[Exercise description] Repeat only the lines below from the one containing "Tracy Mcgrady Orlando" through the one containing "Eine seltene Schwarz-Weiß-Fotografie", inclusive, exactly as written.

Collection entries
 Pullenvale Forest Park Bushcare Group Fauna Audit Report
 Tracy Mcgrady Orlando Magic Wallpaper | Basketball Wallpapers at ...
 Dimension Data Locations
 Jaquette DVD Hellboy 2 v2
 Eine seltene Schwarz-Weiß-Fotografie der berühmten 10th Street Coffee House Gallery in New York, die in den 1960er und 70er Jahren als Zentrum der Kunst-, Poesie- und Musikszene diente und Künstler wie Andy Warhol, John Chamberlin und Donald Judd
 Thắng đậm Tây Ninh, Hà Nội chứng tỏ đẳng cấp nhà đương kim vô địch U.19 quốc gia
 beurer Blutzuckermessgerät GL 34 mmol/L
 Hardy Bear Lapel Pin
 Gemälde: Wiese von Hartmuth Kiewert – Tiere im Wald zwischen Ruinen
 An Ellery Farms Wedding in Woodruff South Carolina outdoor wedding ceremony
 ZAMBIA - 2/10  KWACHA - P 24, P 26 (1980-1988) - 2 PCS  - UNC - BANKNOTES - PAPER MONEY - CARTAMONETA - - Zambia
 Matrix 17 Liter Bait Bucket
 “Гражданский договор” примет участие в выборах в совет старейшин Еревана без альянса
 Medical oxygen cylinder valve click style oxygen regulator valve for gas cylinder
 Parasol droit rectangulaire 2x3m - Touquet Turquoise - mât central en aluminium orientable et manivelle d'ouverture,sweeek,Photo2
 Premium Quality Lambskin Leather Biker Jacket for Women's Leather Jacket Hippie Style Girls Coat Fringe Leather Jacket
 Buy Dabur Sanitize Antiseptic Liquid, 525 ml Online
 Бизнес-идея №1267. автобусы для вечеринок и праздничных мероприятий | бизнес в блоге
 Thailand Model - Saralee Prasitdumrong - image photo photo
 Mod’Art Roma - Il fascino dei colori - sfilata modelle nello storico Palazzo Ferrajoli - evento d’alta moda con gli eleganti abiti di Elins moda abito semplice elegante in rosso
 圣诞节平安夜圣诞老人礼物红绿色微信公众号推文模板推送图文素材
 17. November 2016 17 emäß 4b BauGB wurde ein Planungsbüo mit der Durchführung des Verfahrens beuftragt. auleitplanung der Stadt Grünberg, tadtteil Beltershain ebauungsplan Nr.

[Reply to the task]
 Tracy Mcgrady Orlando Magic Wallpaper | Basketball Wallpapers at ...
 Dimension Data Locations
 Jaquette DVD Hellboy 2 v2
 Eine seltene Schwarz-Weiß-Fotografie der berühmten 10th Street Coffee House Gallery in New York, die in den 1960er und 70er Jahren als Zentrum der Kunst-, Poesie- und Musikszene diente und Künstler wie Andy Warhol, John Chamberlin und Donald Judd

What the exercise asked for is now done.